Not for the dark throttling I'd just survived, but because I knew it was my fears that held me back: my fears magnified the threat of the waves, my fears prevented me from really having a go, my fears kept me from expanding and growing as a surfer.

And of course, because I was in bit of state, my failure as a surfer felt like a failure as a coach. After all, I know how to dissolve fears, I know how to turn beliefs around, I know how to cut through the stranglehold of paralysing fears. I've done it a ton of times for myself and for my clients, quickly and permanently. Why not now, here in the moment, in real time?

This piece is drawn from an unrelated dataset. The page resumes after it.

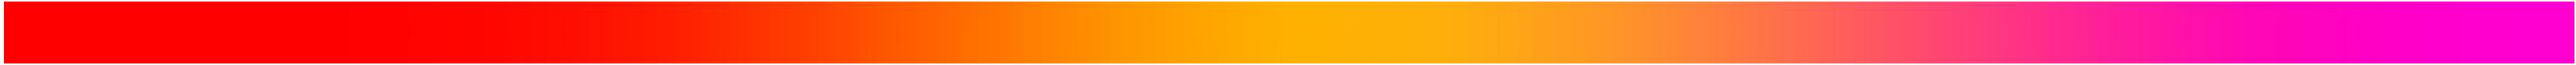 『曝光奖』回访 |  被看见之后,高台当代艺术中心的新起点 高台当代艺术中心 之后 新起点 创始人 马星 青年 艺术家 马海伦 图片 乌鲁木齐 崇真艺客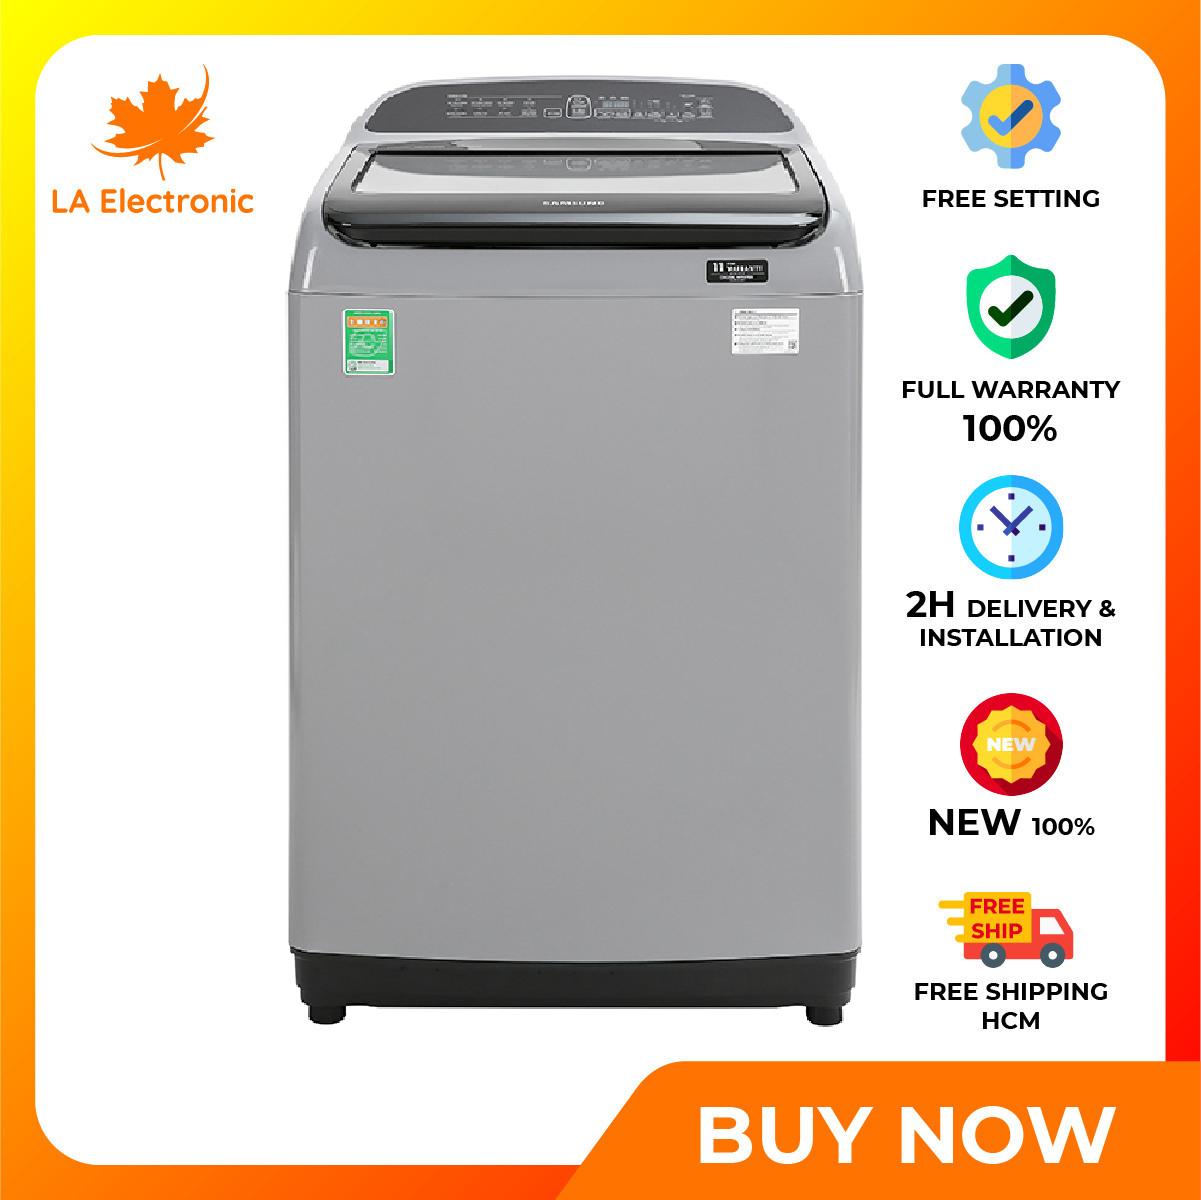 Trả Góp 0% - Máy giặt Samsung Inverter 10 kg WA10T5260BY/SV - Miễn phí vận chuyển HCM

But the body and intuition rule where your mind is not up to the job. And my body was telling me - 'get the hell out of the water! You're not quite up to the job yet.'

I debriefed the dumping with Rob, my husband-cum-coach extraordinaire, where I listed all my failures to really take on the challenge, of playing too small, of not being as brave and gung-ho as my friend Marina (superstar athletic machine)...it all came out - all my petty self-critical worries.

Rob turned to me and said, "those were tough waves. They had no consistent form, they were pretty steep with lots of force. It was tough surfing. And for the record, I think Marina would have gone in too."

And so there it was, the gem to take way from the Big Dumping. It's not that I didn't try (I did), it's not that I wasn't as brave as anyone else (I was brave for me), it's not that I didn't practise what I preached (it's hard to defuse fear when you are getting drowned), it's that I struck out from the shore and was willing to learn.
I learned how to get dumped: for every good ride, there is a dumping that may happen. If it does, roll with it, and let the gratitude for living flood float you to the surface.

After all, there is always another wave to catch.